You’d have to package this carefully, because if you simply announced you wanted to slash Medicare by perhaps a trillion dollars or more over the next decade or so, you’d get slaughtered by AARP and earn the wrath of liberal Democrats and particularly seniors, the majority of whom tend to vote Democratic, or at least they used to.

So you’d talk about eliminating "waste, fraud and abuse" in the system. Few would believe there’s much hope in that, so you’d add the idea of changing the provider payment incentives to get equal or better care by changing how providers practice medicine. You’d talk about "bending the cost curve" and warn folks that unless we did something dramatic, the Medicare deficits would overwhelm the federal budget and dominate the GDP.

It would be useful to have bipartisan cover for the risks of incurring seniors’ wrath, but since the Republicans would be unlikely to participate openly in such a scheme and would rather use it to scare seniors, you probably couldn’t count of them.

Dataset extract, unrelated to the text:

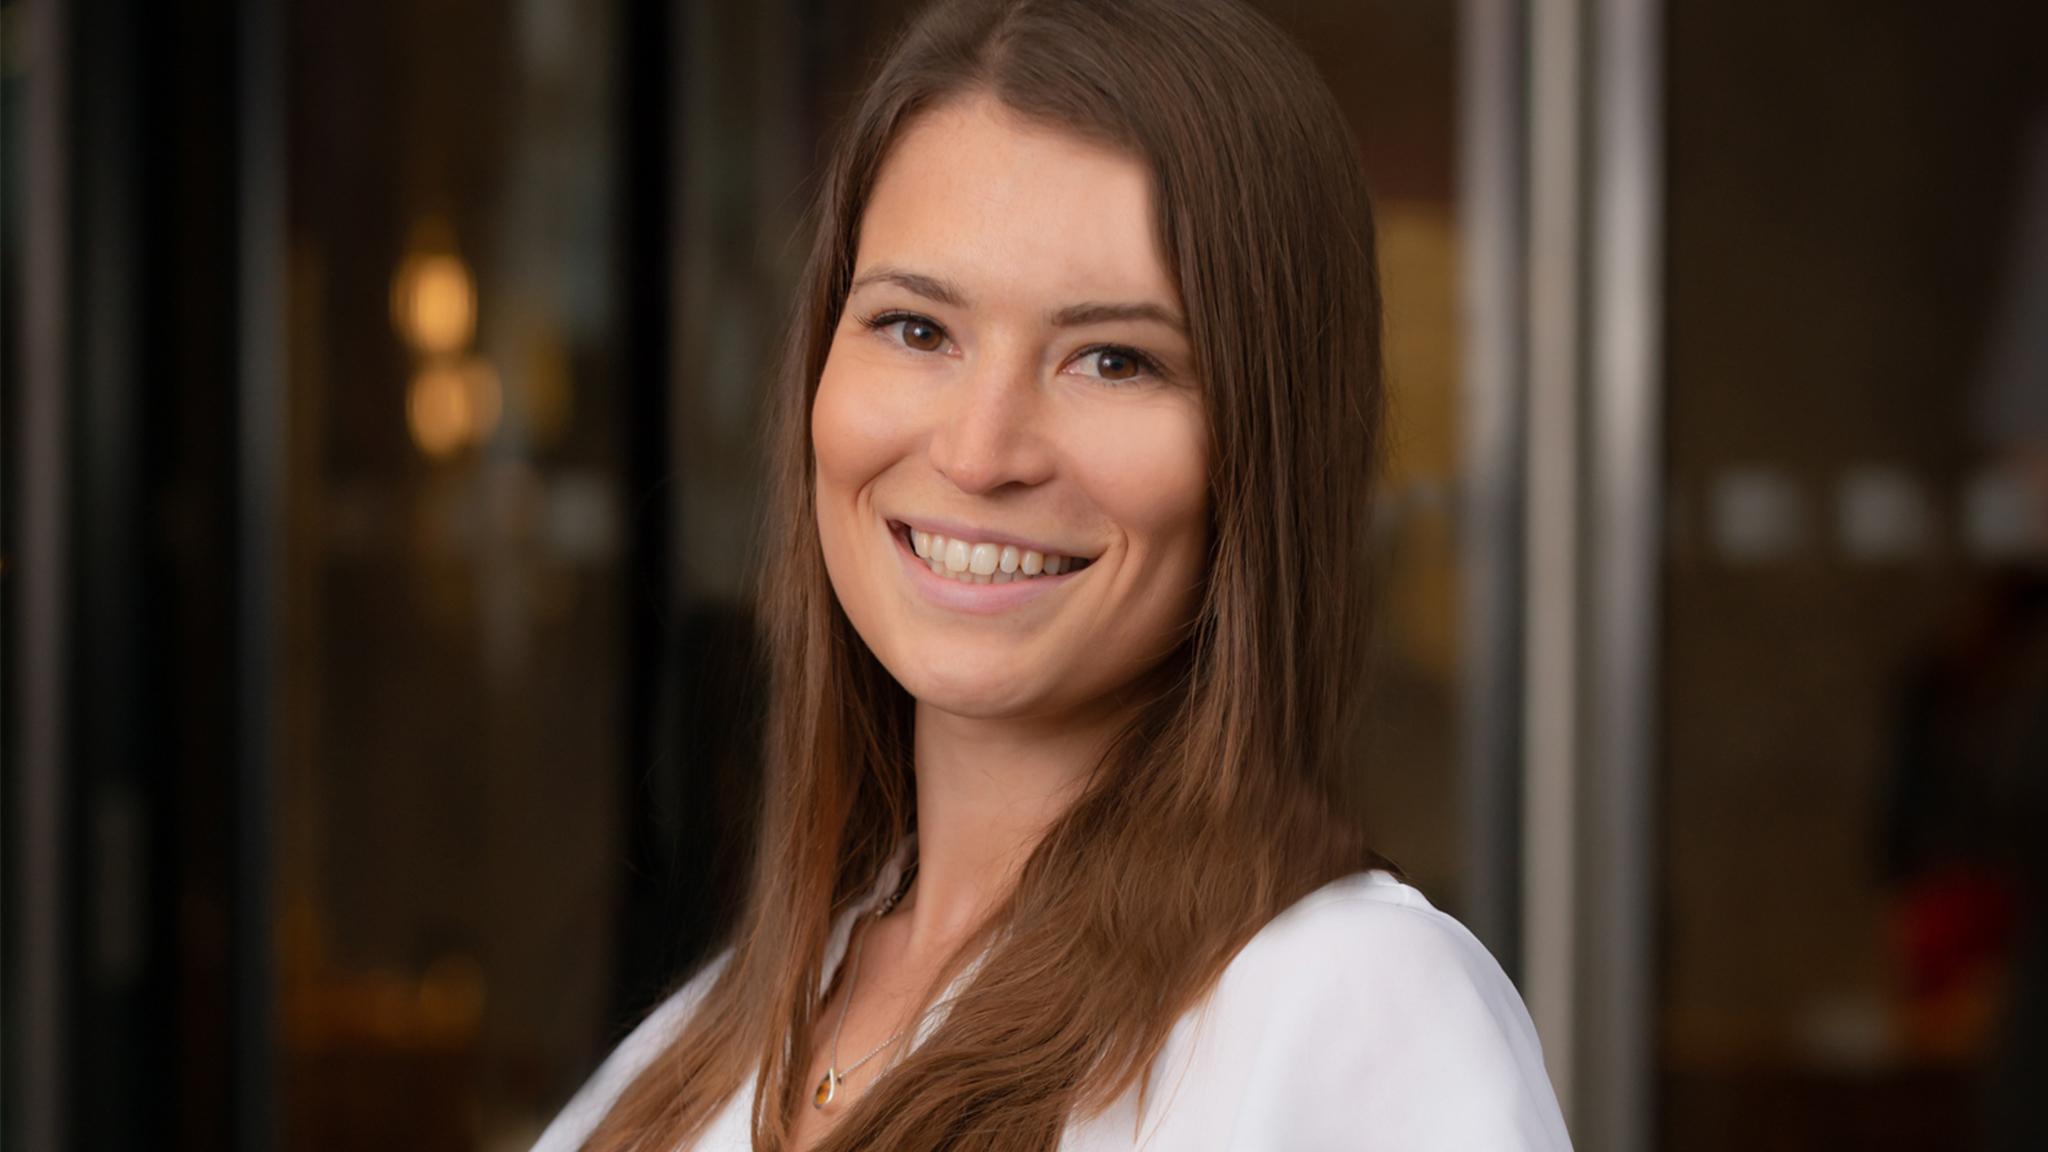 Five minutes with… Amy Petrikova, principal planner, Nexus Planning

So you’d settle for a small, manageable "bipartisan" group you could more easily control and which would provide at least temporary cover while you put the package together.

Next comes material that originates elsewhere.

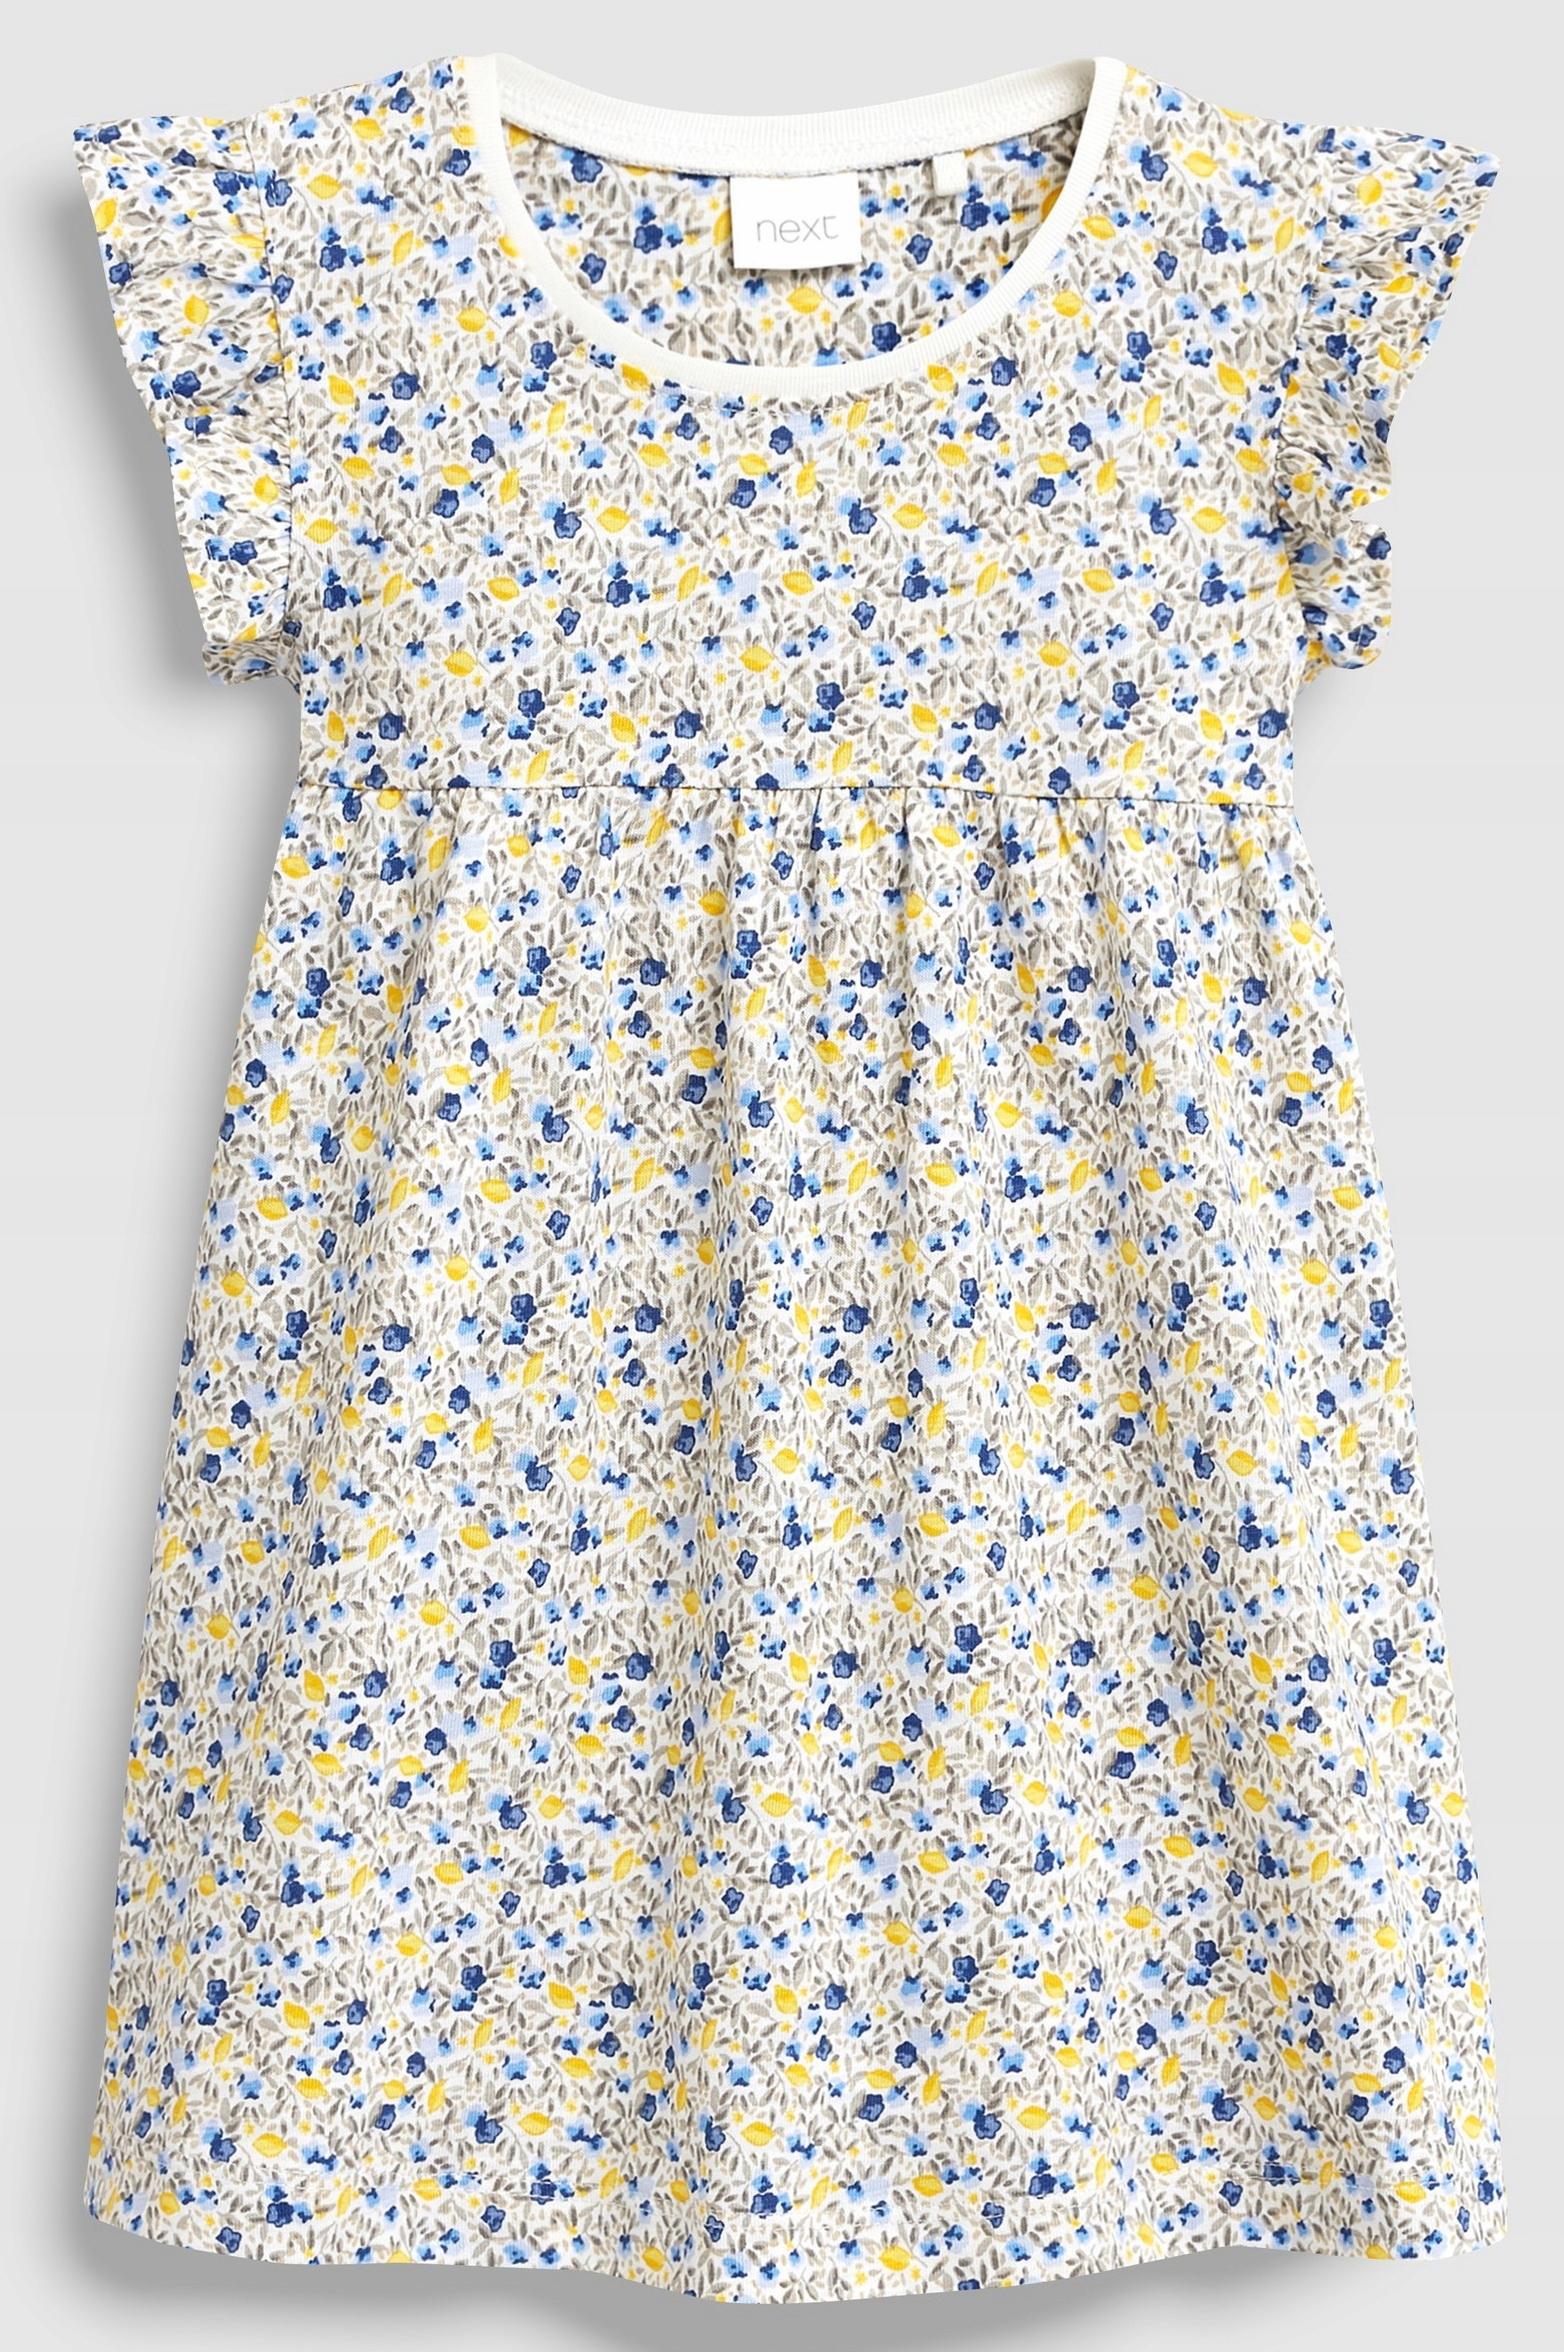 NEXT SUKIENKA Blue Yellow Ditsy 1,5-2 L 2019

Of course, the core of the Democratic Party would never stand for doing this in lieu of pursuing universal coverage, let alone doing it alone and accepting the risks. But you might be able to convince them you were trying to enact broader "health care reform" and then slip the Medicare package inside the broader effort. That would get the Democrats, including the reform-minded progressives, fully engaged in the details of "reform" while continuing to move the main Medicare piece through the more controlled "gang of six."

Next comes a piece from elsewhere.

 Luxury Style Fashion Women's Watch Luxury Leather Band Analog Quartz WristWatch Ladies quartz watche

Part of the Medicare savings would have to come from reducing subsidies for Medicare Advantage insurers and providers. But to make that acceptable to insurers, you’d offer a deal to AHIP that they’d make up for the losses by getting millions of new customers, which would come from the mandates the "reformists" would impose in pursuit of universal coverage. Once Karen Ignagni signed off on this deal (as she did last spring), and sold it as "we accept no prior conditions in exchange for mandates," a major piece would be in place.

That would leave only the difficult piece where you ease the Democrats, and roll the progressives, so that they bought the whole "incremental" argument. You’d sell a package that included some expansion in coverage but wasn’t really reform. And since expansion wasn’t your priority in the first place, you’d signal in the President’s speech that (1) you had to keep costs under about $900 billion and (2) new revenues could only come from within the health sector.

You’d have the President demand these two arbitrary limits in a national speech to make them hard to overturn. Of course, neither limit had any intrinsic merits; in fact if you wanted true reforms and universality, you’d initially have to find major revenues outside the system, just as the House had done, until the potential savings you hoped to achieve could materialize (or not) within the sector. But if the President set out these limits, and most Democrats didn’t immediately scream, you’d be home free.

As final negotiations moved ahead, Progressive would realize they’d been had. They’d watch in horror as the $900 billion for expansion and affordability got cut down to $800 billion and then $700 billion as the WH originally suggested, exacerbating the risks their yes votes would force the uninsured to purchase junk insurance at prices they couldn’t afford but their no votes [would leave them uncovered and either vote risked tanking the party.]

So there it is: the Pete Petersons would get drastic trillion dollar cuts in Medicare, while Democrats tried to hide from seniors the fact they’ve been asked to risk benefit cuts to fund a questionable expansion of coverage which, after all, was only a cover for hacking Medicare. It’s a neat trick.

And all that stuff about the "public health insurance option" and co-ops and/or triggers? Nice diversion, but gosh, we just don’t have the votes in the Senate.

All of this was done in plain sight. This was never multidimensional chess. It was just the simple card game of gin. You just had to look at the cards in a different way.